Defendant argues that the trial court abused its discretion in ordering further deliberations after merely repeating its additional instructions on the force or fear element (rather than providing additional examples), in refusing to accept the jury's guilty verdict on the theft-by-larceny offense, and in urging the jury to "deliberate appropriately" and "arrive at some kind of disposition on this." These actions were not coercive. The additional instructions on force gave three different examples of what was and was not sufficient force. Further examples might have encroached upon the jury's function; more to the point, the absence of further examples does not mean the court was coercing a verdict, particularly when Juror No. 4 indicated the court's rereading of the additional instruction made further deliberation worthwhile. As discussed above, the court did not err in rejecting the defective verdict.
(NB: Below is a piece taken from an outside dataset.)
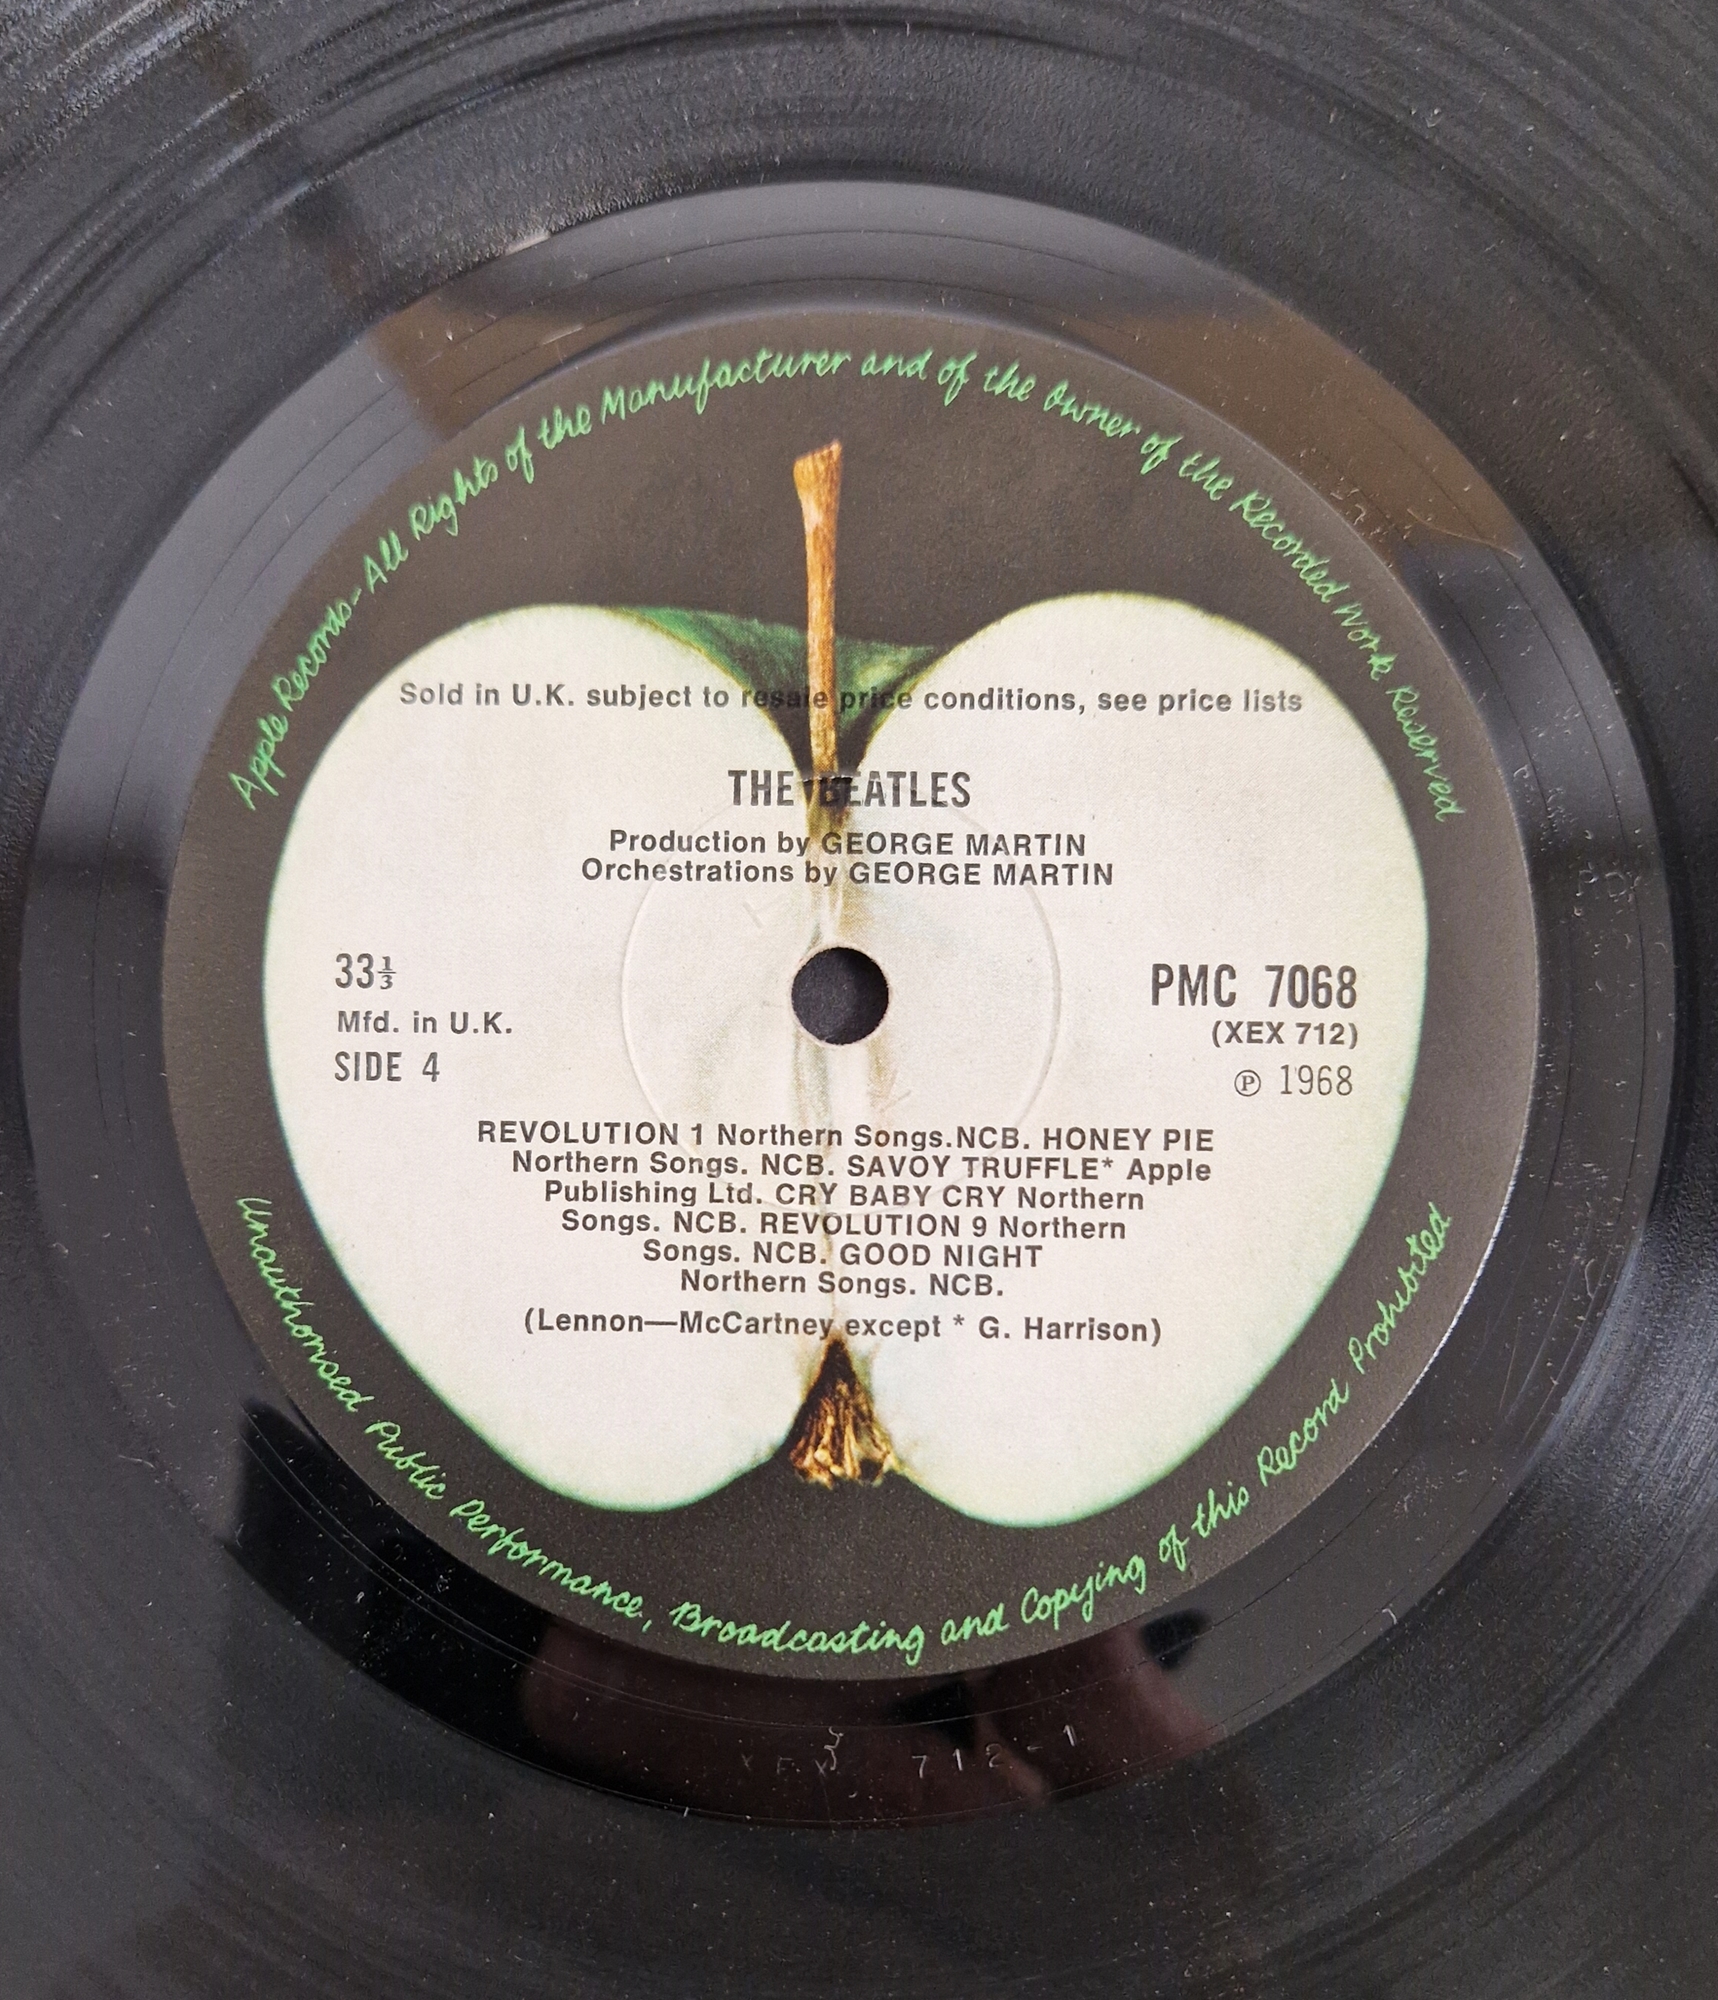 The Beatles, The Beatles (The White Album) PMC7067 (XEX-709/710/711/712-1), Misprint: does not - Image 3 of 5

And the court's urging to "deliberate appropriately" and "arrive at some kind of disposition" did not presage which disposition the court wanted, particularly when the jury simultaneously received instructions on how to acquit defendant of robbery while convicting him of the lesser crime of theft by larceny.
DISPOSITION
The judgment is affirmed.
NOT TO BE PUBLISHED IN THE OFFICIAL REPORTS.
/s/_________, J.
HOFFSTADT We concur: /s/_________, Acting P. J.
ASHMANN-GERST /s/_________, J.
GOODMAN
Retired judge of the Los Angeles Superior Court, assigned by the Chief Justice pursuant to article VI, section 6 of the California Constitution.